Hochant de la tête, comprenant qu'en cet instant précis, Aragorn n'avait pu à faire au jeune homme mais au Roi Juste de Narnia qu'il était dans l'âme, le rôdeur vint à saluer une dernière fois Dame Eowyn avant de la laisser seul avec Edmund, allant rejoindre les autres avec Arod.
_ Eowyn…
_ Je peux très bien m'occuper de moi-même Seigneur Edmund, je n'ai nullement besoin de votre…
_ Vous pouvez me porter rancune ou pour m'en vouloir pour ce que je vais vous dire, mais sachez qu'Aragorn n'a jamais voulus vous blessez ou même vous laissez penser que votre histoire pourrait être sérieuse lui confia Edmund à ce propos. En réalité, il n'a jamais crus un seul instant que vous éprouviez des sentiments pour lui. Même lorsque moi et Boromir nous lui avons fait la remarque, je ne pense pas qu'il nous ait pris très aux sérieux. Pour tout vous dire, je crois sincèrement qu'au fond de vous-même vous saviez que vous n'étiez pas fait l'un pour l'autre, et que quelqu'un, quelque part, votre âme-sœur vous attend et que vous le reconnaitrez en le voyant lui affirma-t'il sûr de lui.
_ Et comment pouvez-vous le savoir ?
_ Parce que j'ai été moi-même dans votre situation admit Edmund avec sincérité. Je suis tombé amoureux de quelqu'un mais cette dernière se trouvait, elle-même, amoureuse de quelqu'un d'autre qui éprouvait exactement les mêmes sentiments alors je n'ai pas eu le cœur à les séparer. Si vous tenez réellement à quelqu'un avec toute sincérité, le plus grand des bonheurs seraient de le ou la voir heureuse avec la personne qu'il ou elle aura choisie. De plus, je sais que celle que j'aimerais avec toute sincérité et qui me le rendra ne se trouve plus très loin de moi, j'en suis persuader lui avoua-t'il avec affection.

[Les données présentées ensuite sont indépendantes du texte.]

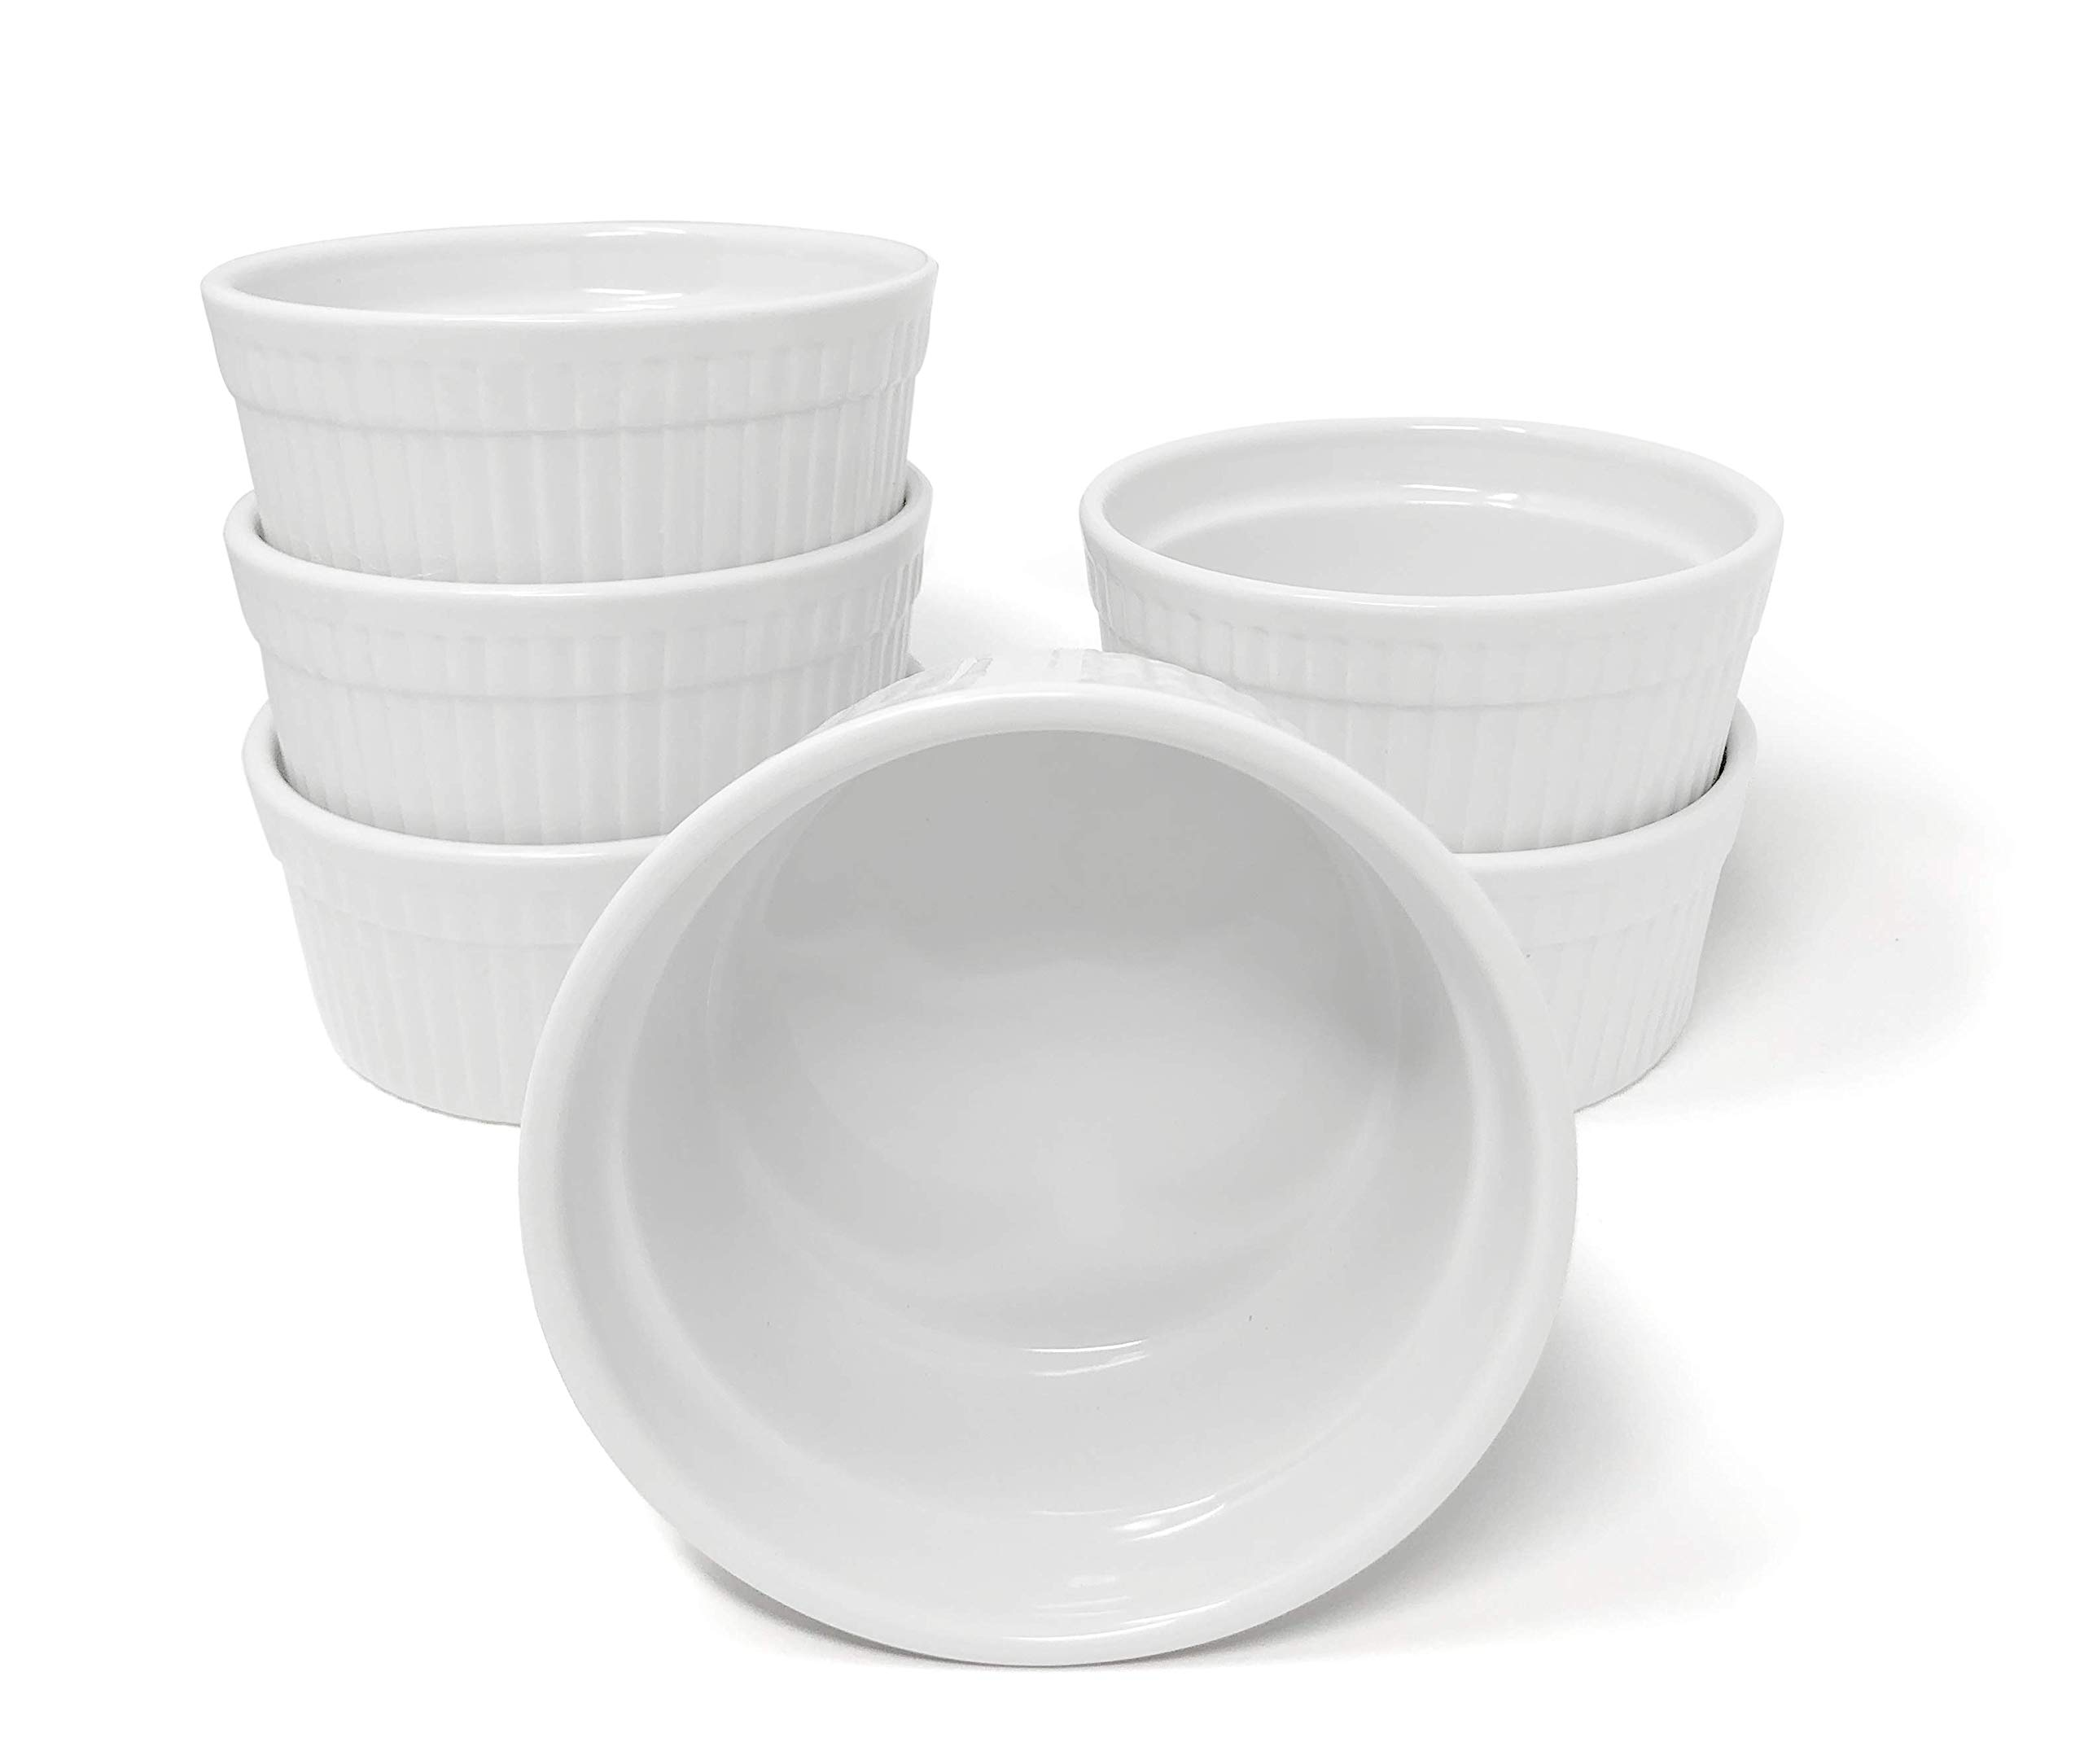 White Porcelain 6-Piece Ramekin Set, 18oz. Dishwasher, Microwave and Oven Safe! by Furmaware

_ Vous semblez si sur de vous. Comment pouvez-vous savoir qu'elle sera heureuse avec lui ?
_ Parce qu'il n'y a qu'avec lui qu'elle le sera.
Ne trouvant rien d'autre à dire face à sa déclaration plus que sérieuse et sincère, Eowyn ne put rien répliquer à ces mots, comprenant pertinemment ces paroles et qu'elle ne put avoir une pensée d'affection pour ce jeune homme qui connaissait exactement ce qu'elle ressentait mais qui n'avait nullement perdus espoir de rencontrer l'amour.
_ Allez Milady, allons rejoindre les autres et nous préparer pour le combat rappela Edmund à ce propos.
_ Il n'y a que vous et les hommes qui devront vous préparez pour le combat, Seigneur ?
_ Toute personne qui souhaite se battre pour ces convictions peut se joindre pour la bataille, c'est d'ailleurs pour cela que vous avez apporté votre épée avec vous, non ?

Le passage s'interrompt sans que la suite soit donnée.